Золотая мгла — страница 34 из 62

– Потому что это правда.

«Ты неотделима от своей силы, Тереза».

Так говорил отец, вот это и есть правда. Кто я, если отнять некромагию? Обычная женщина, моль, которую в лучшем случае брезгливо стряхивают с шали. А в худшем просто не замечают.

– Правда в том, что без магии я пустое место. – Оболочка, хлопающая глазами кукла. – Если у меня отнять силу, я умру.

Не дожидаясь ответа, я оттолкнула его руку, кивнула:

– Пойдем, я тебя кое с кем познакомлю.


Подземелье. Место, где проходили мои тренировки, где меня наказывал отец и где я зализывала раны. Кто-то наверняка подумал бы, что я должна обходить его десятой стороной, но именно здесь прошла большая часть моего детства и юности. Слуги тут появлялись только для того, чтобы убраться на лестнице и в подземной зале, матушка и Лави вообще не заглядывали, даже Винсент редко наведывался. Самой смелой оказалась Луиза, которая сунулась сюда по доброй воле. Дважды.

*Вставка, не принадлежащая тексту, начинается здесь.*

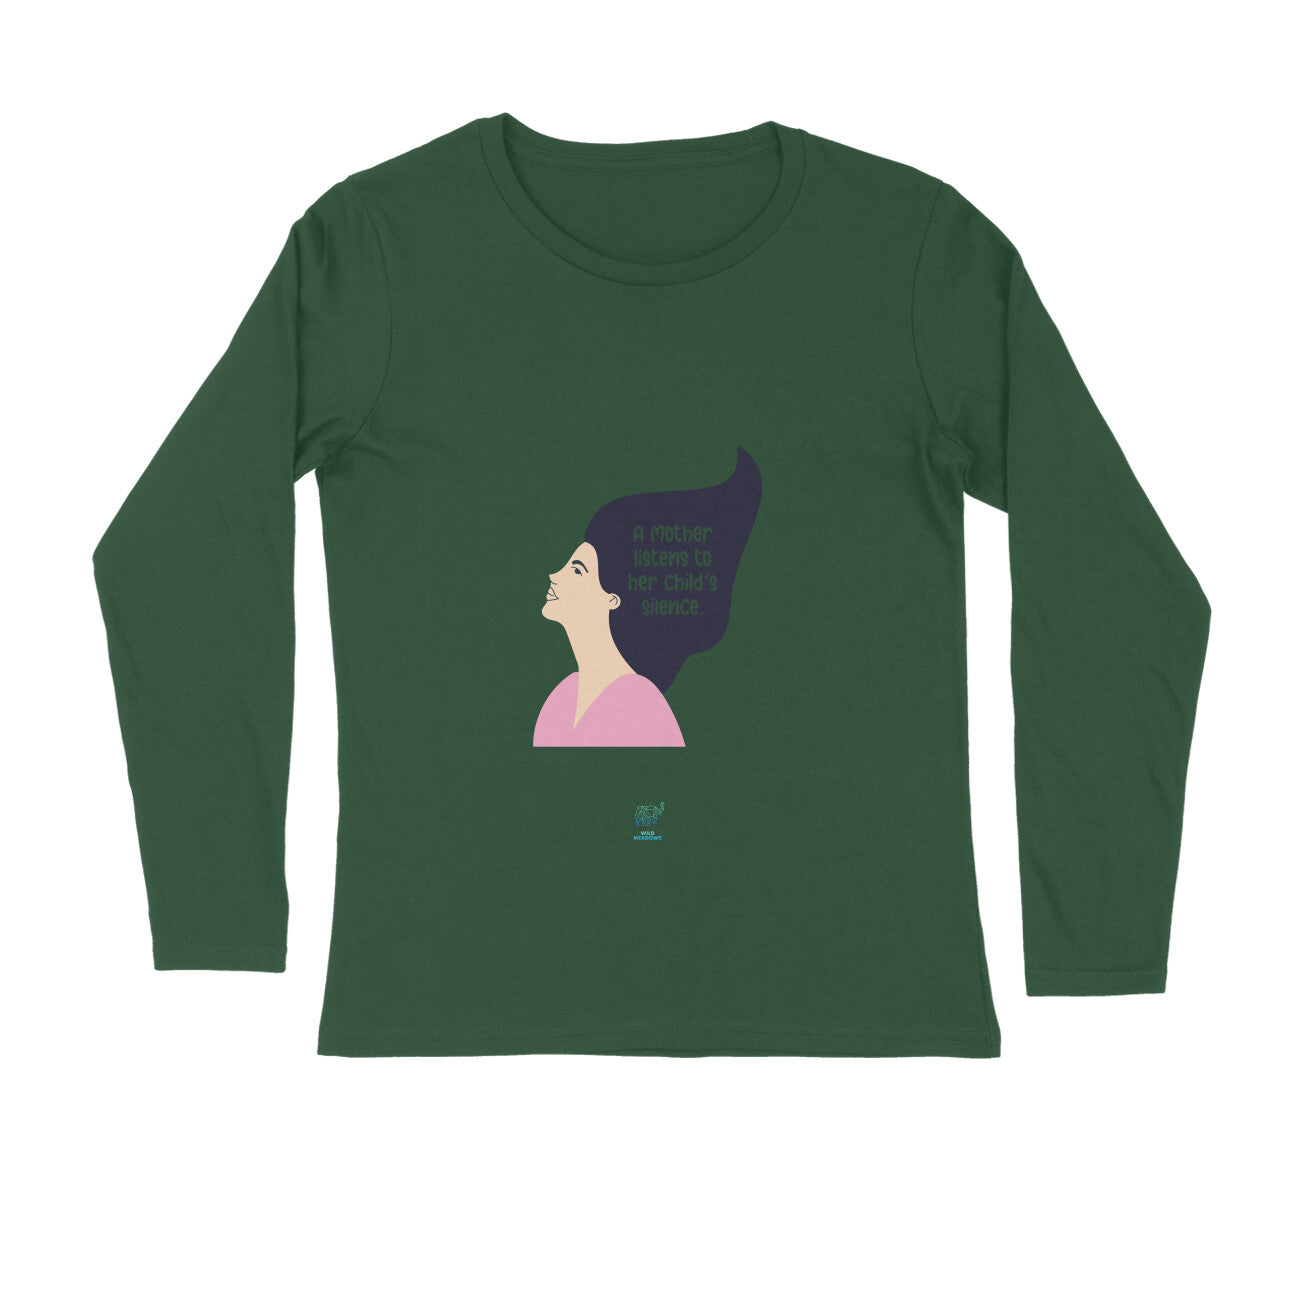 A mother listens to her child's silence - Long Sleeve Unisex Tee

Дверь в подвал втиснулась в нишу, ближе к гостевому крылу. За ней располагалась небольшая подсобка, в которой тем не менее не было ничего лишнего. Несколько грубо сколоченных полок с тряпками, ведрами и щетками, наверху – масляная лампа. Я кивнула Анри:

– Зажги, будь так любезен.

Темный зев прохода вел в каменный коридор. Я украдкой взглянула на мужа, но он оставался невозмутим, точно ему каждый день устраивали такие прогулки. Мы прошли до винтовой лестницы, спустились вниз, и я разожгла факелы, только тогда Анри поставил лампу на пол. Я мысленно позвала Луни, сама же прислонилась к стене, вызывающе скрестив руки на груди. С мужа не сводила глаз: одно дело разговоры о магии, совсем другое – увидеть зомби своими глазами.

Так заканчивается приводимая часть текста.